Install Ansible using a OS packages or a Python virtualenv. Ensure the same major+minor version is used across the team.

Secrets are stored in vaults using the ansible/vault script as a wrapper for ansible-vault. Store encrypted variables with a vault_ prefix to allow using grep: http://docs.ansible.com/ansible/playbooks_best_practices.html#best-practices-for-variables-and-vaults and link location of the variable using same name without prefix in corresponding vars.yml.

In order to access secrets stored inside of the vault, you will need a copy of the vault password encrypted with your PGP key. This file should be stored inside of ~/.ssh/ooni-sysadmin.vaultpw.gpg.

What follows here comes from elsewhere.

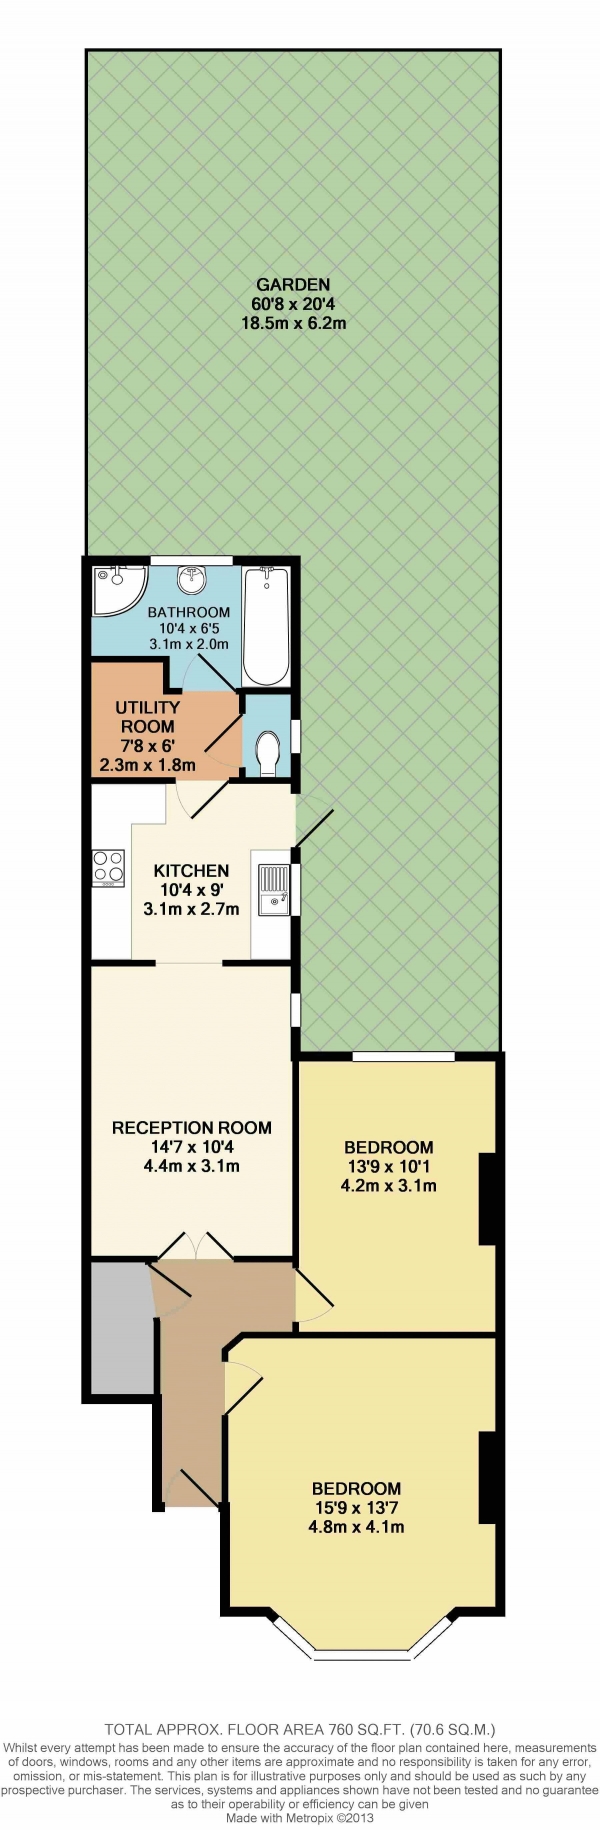 Floor Plan Image for 2 Bedroom Apartment for Sale in Kelvin Avenue, Palmers Green, N13

The file should be provided by other teammates and GPG-encrypted for your own GPG key.

SSH Configuration

You should configure your ~/.ssh/config with the following:

IdentitiesOnly yes
ServerAliveInterval 120
UserKnownHostsFile ~/.ssh/known_hosts ~/REPLACE_ME/sysadmin/ext/known_hosts
host *.ooni.io
user YOUR_USERNAME
host *.ooni.nu
user YOUR_USERNAME
host *.ooni.org
user YOUR_USERNAME

Replace ~/REPLACE_ME/sysadmin/ext/known_hosts to where you have cloned the ooni/sysadmin repo. This will ensure you use the host key fingeprints from this repo instead of just relying on TOFU.

You should replace YOUR_USERNAME with your username from adm_login.

On MacOS you may want to also add:

host *
UseKeychain yes

To use the Keychain to store passwords.

Ansible playbooks summary

Usage:

./play deploy-<component>.yml -l <hostname> --diff -C
./play deploy-<component>.yml -l <hostname> --diff

warning any minor error in configuration files or ansible’s playbooks can be destructive for the backend infrastructure. Always test-run playbooks with --diff and -C at first and carefully verify configuration changes. After verification run the playbook without -C and verify again the applied changes.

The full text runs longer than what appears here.